В апреле 1971 года на политбюро обсуждалась ситуация в Египте. Заместитель резидента советской политической разведки Вадим Кирпиченко, вызванный из Каира, запомнил, что единственным человеком без галстука был Брежнев:
«Очевидно, он мог позволить себе эту вольность и надеть темно-синюю шерстяную рубашку под цвет костюма. Вел он заседание спокойно, как мне показалось, без всякого интереса, скорее как бы по необходимости…
На центральный стол подавали бутерброды с благородной рыбкой, с красной и черной икрой, а всех нас, подпиравших стены зала заседаний, обносили только бутербродами с колбасой и сыром. Таким образом каждый еще раз мог осознать свое место и назначение в этом мире».
Брежнев постепенно устранил всех, кто казался ему недостаточно лояльным. Он избавился от первого секретаря ЦК компартии Украины Петра Ефимовича Шелеста, от главы правительства РСФСР Геннадия Ивановича Воронова и от первого заместителя председателя Совета министров Дмитрия Степановича Полянского.
Воронов уже на пенсии рассказывал, как однажды перед заседанием политбюро в ореховой комнате они пили чай. Обсуждался вопрос о строительстве крупного автомобильного завода.

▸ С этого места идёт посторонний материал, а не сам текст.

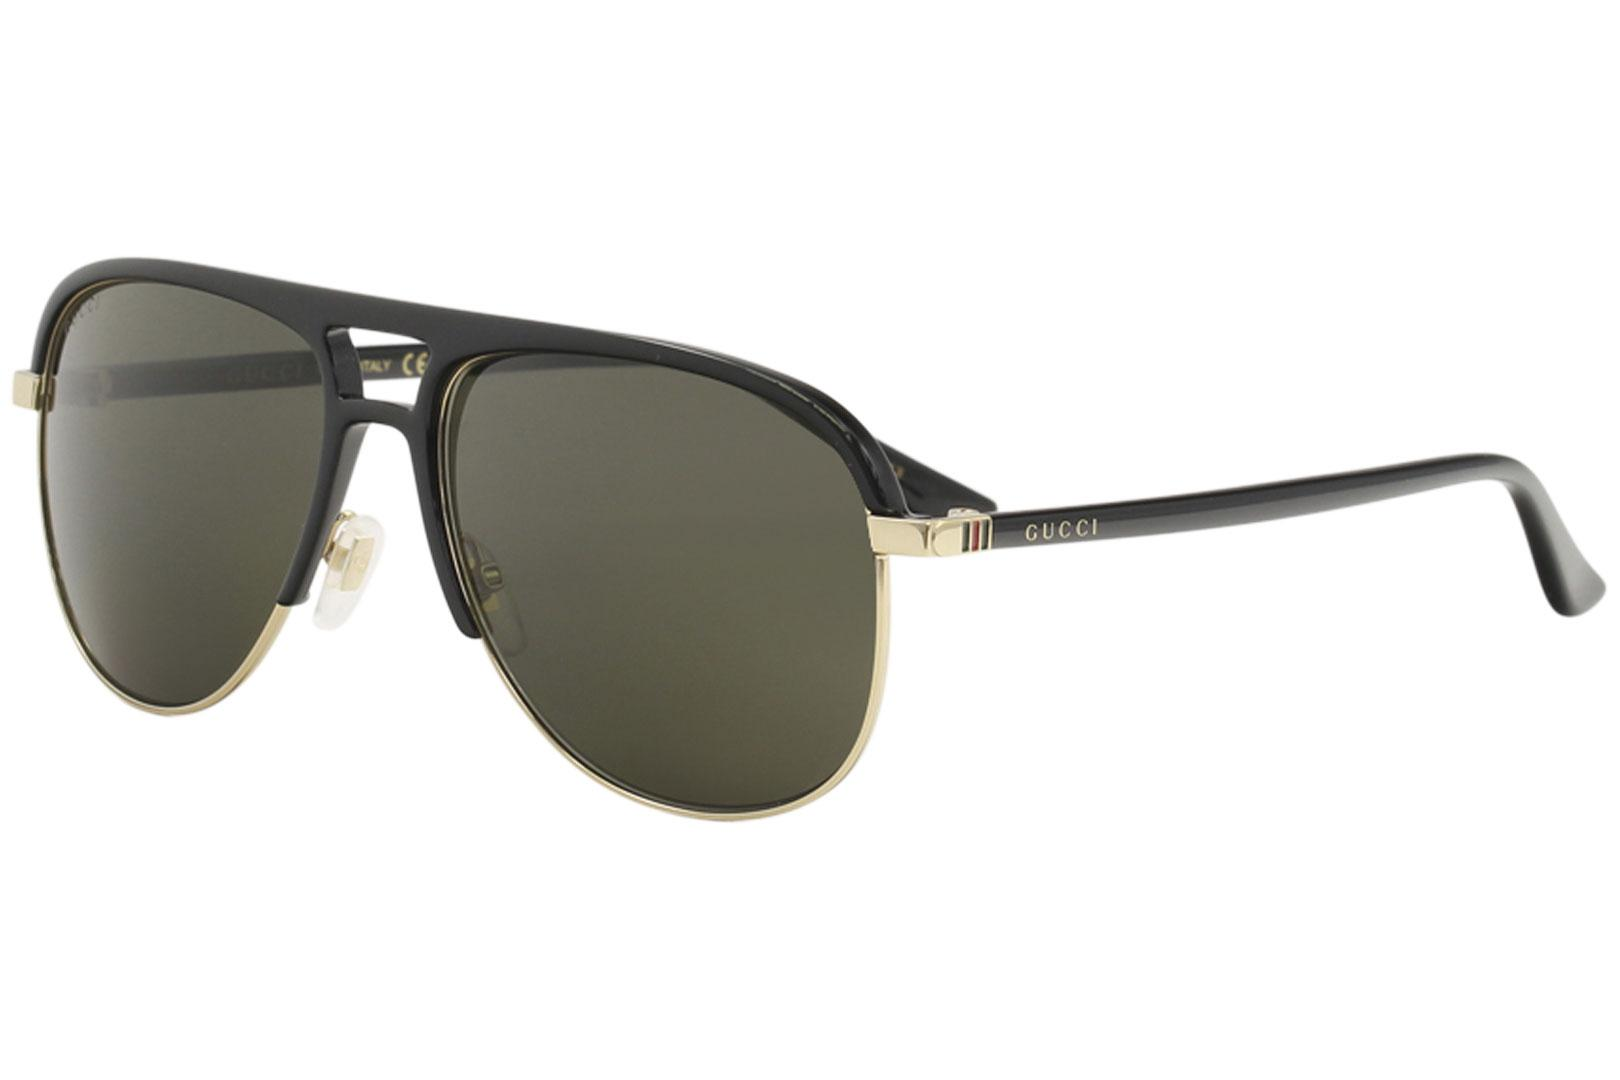 4e3701424b Gucci Women s GG0292S GG 0292 S Fashion Pilot Sunglasses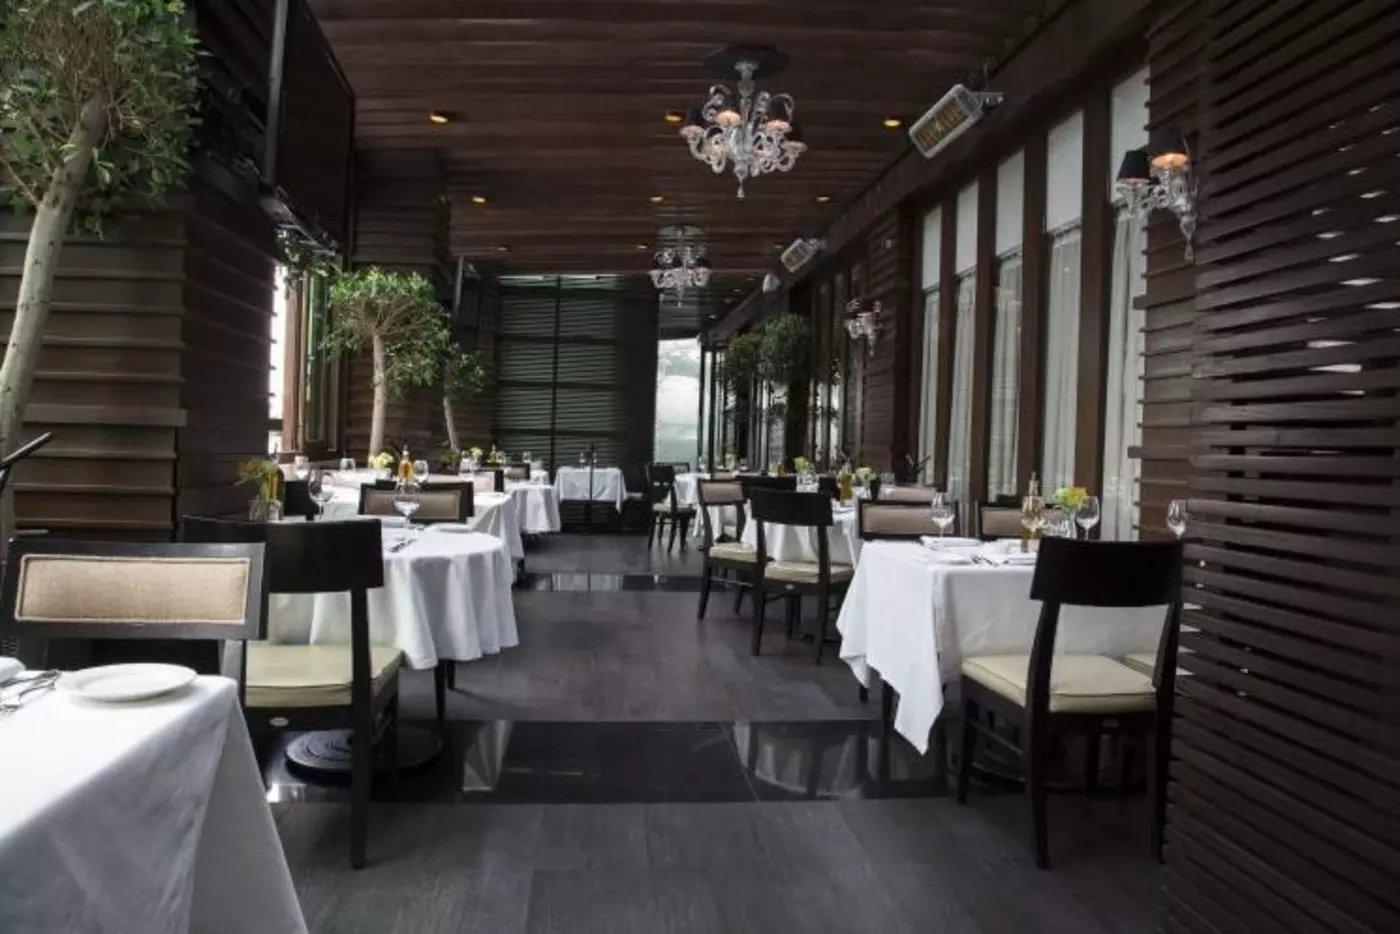 Best steakhouses in CDMX

Воронов считал, что его нужно строить в Красноярском крае — в Абакане.
Брежнев вдруг сказал:
— А я думаю, надо строить этот завод в Набережных Челнах.
Воронов взорвался:
— Как же так, Леонид Ильич. Уже вопрос обсужден!
Брежнев удивленно сказал:
— Никогда никто на меня так не кричал, как кричит Воронов.
— Я не кричу, это вы орете. Я просто говорю, что у нас этот вопрос обсужден, проработан. Давайте другие материалы, будем их рассматривать.